▸ **Collected material**:
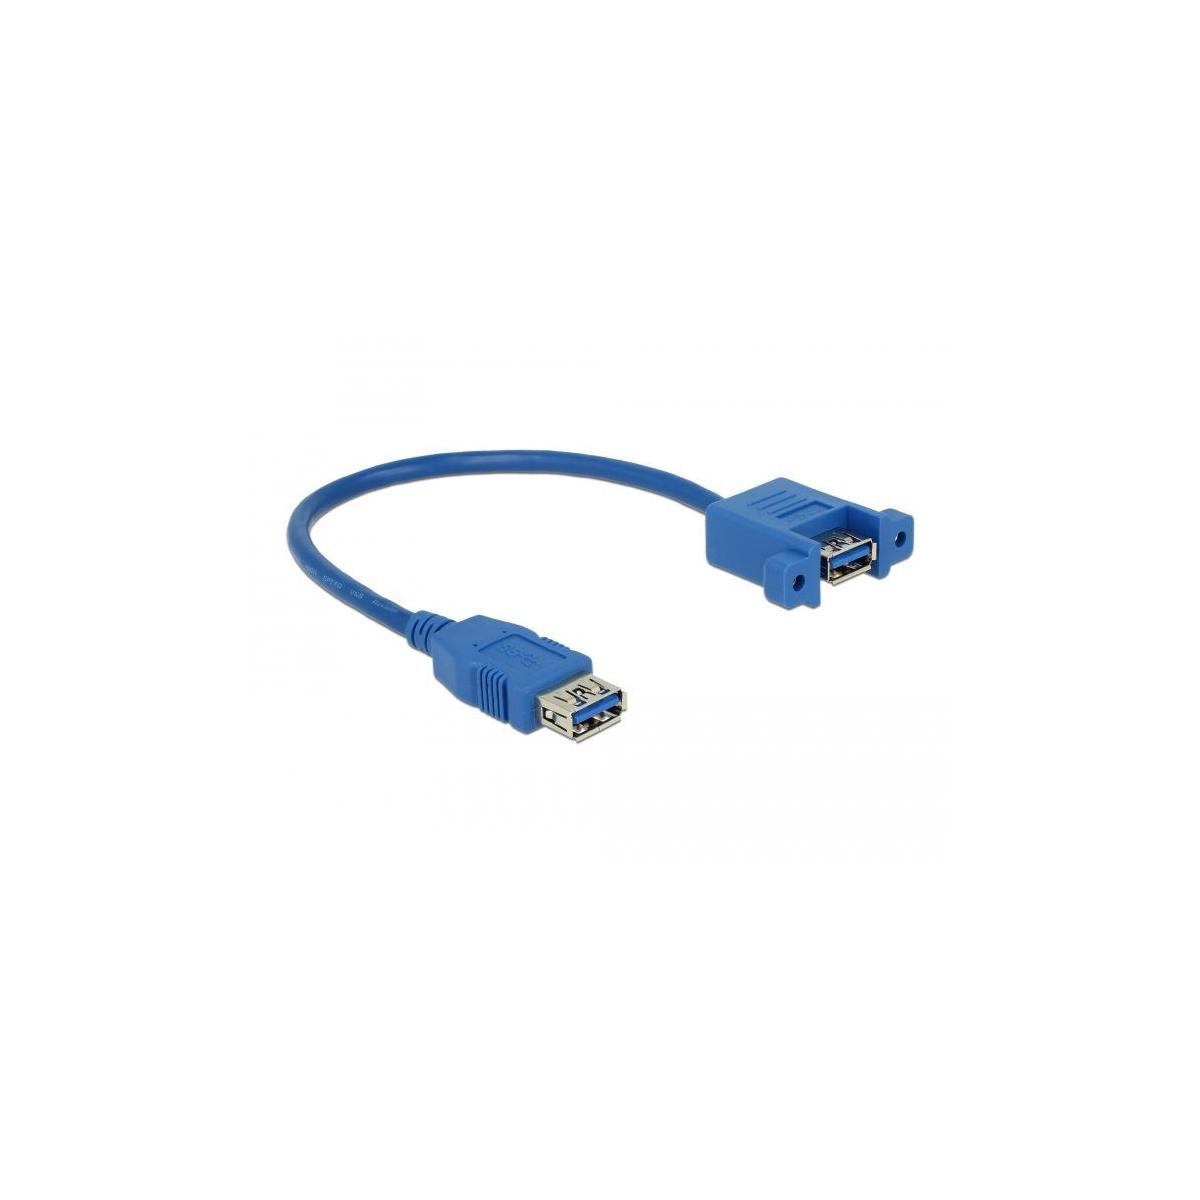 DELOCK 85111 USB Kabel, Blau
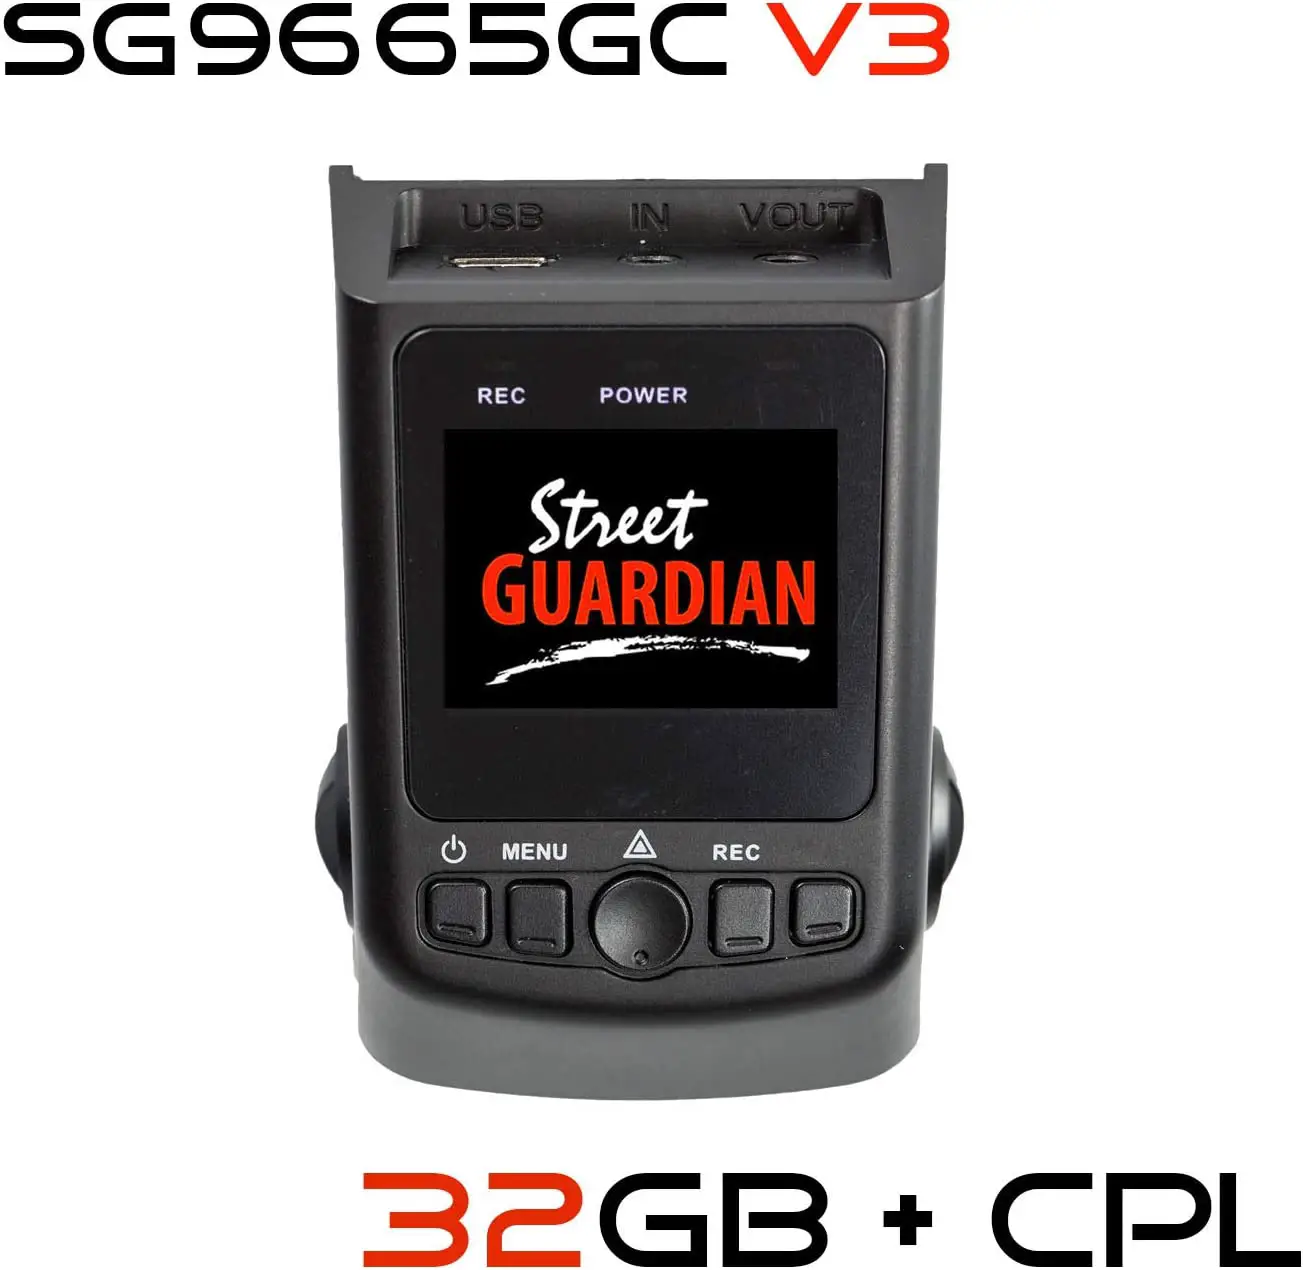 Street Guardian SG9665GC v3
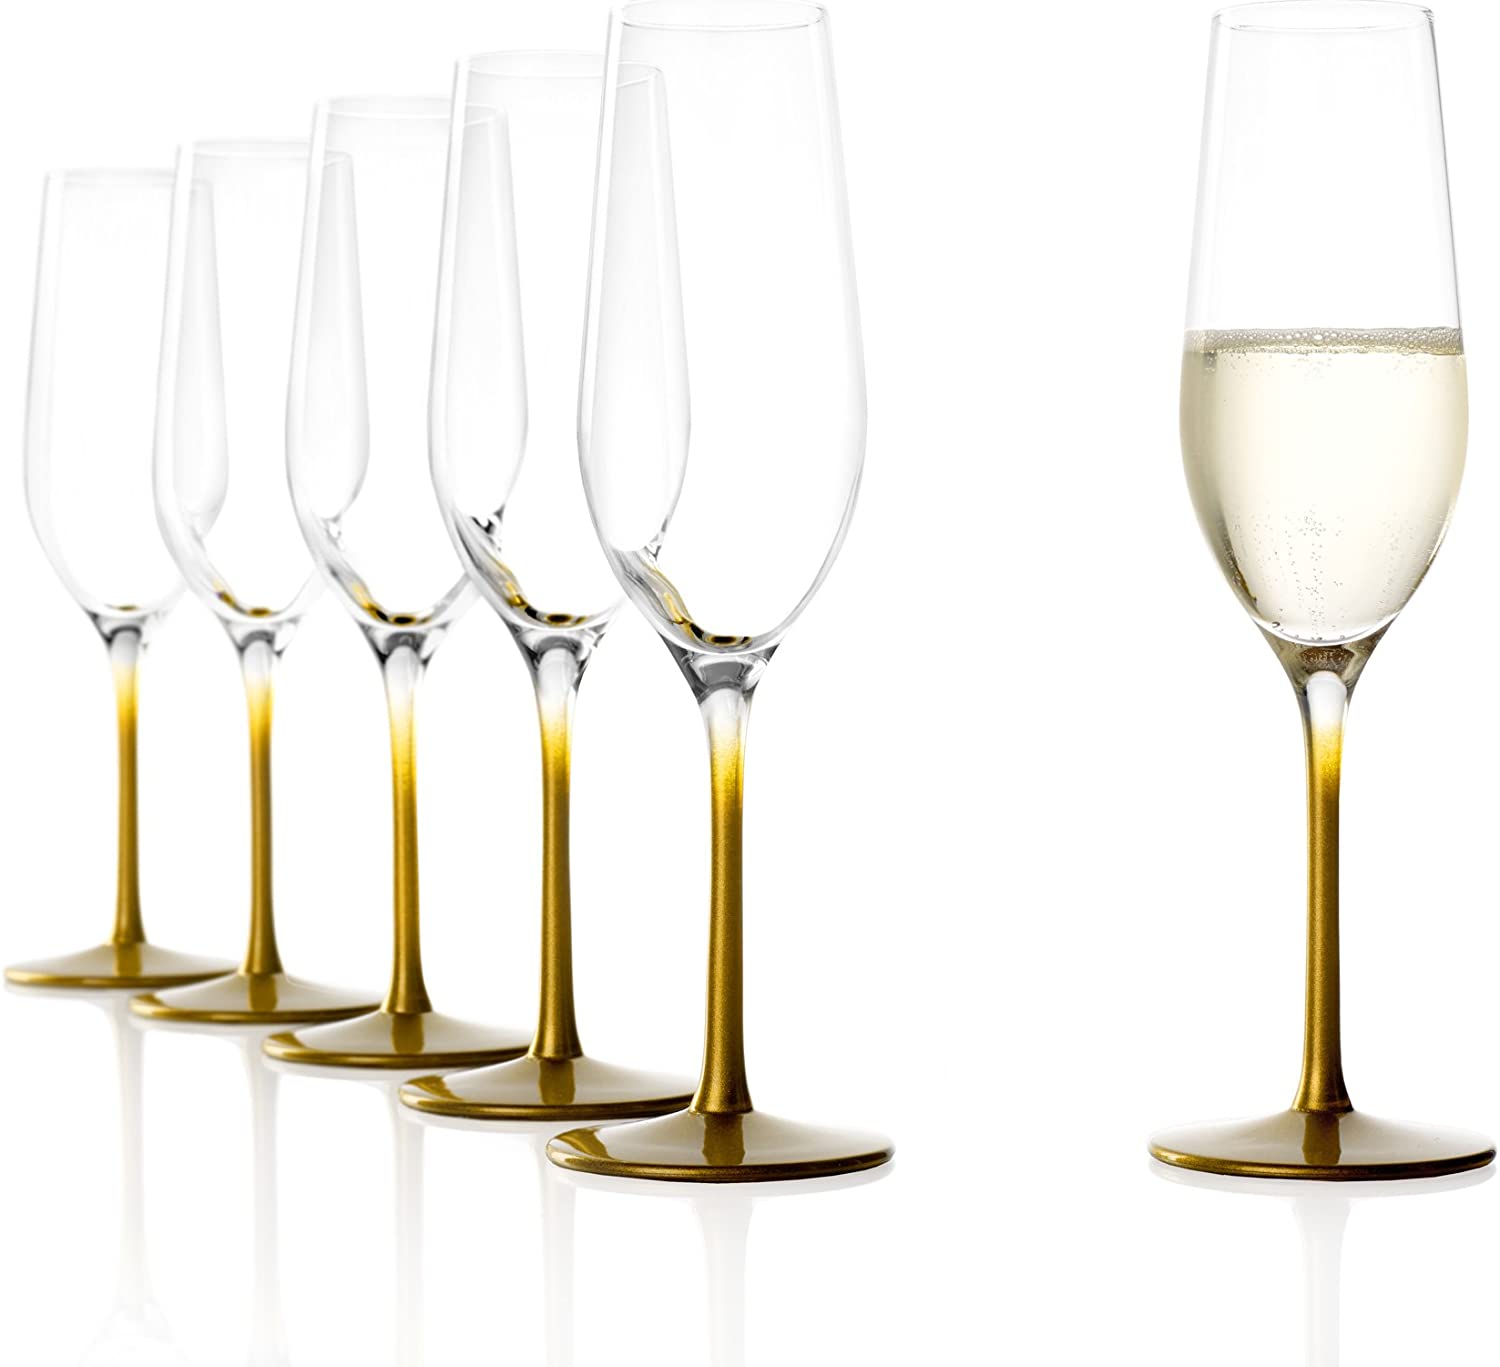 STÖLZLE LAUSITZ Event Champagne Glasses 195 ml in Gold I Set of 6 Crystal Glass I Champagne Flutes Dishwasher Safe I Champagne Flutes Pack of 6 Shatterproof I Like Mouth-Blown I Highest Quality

▸ **Your instructions**: An exact transcription of the listing is required, and it must contain no pictures.

▸ **Task result**:
 DELOCK 85111 USB Kabel, Blau
 Street Guardian SG9665GC v3
 STÖLZLE LAUSITZ Event Champagne Glasses 195 ml in Gold I Set of 6 Crystal Glass I Champagne Flutes Dishwasher Safe I Champagne Flutes Pack of 6 Shatterproof I Like Mouth-Blown I Highest Quality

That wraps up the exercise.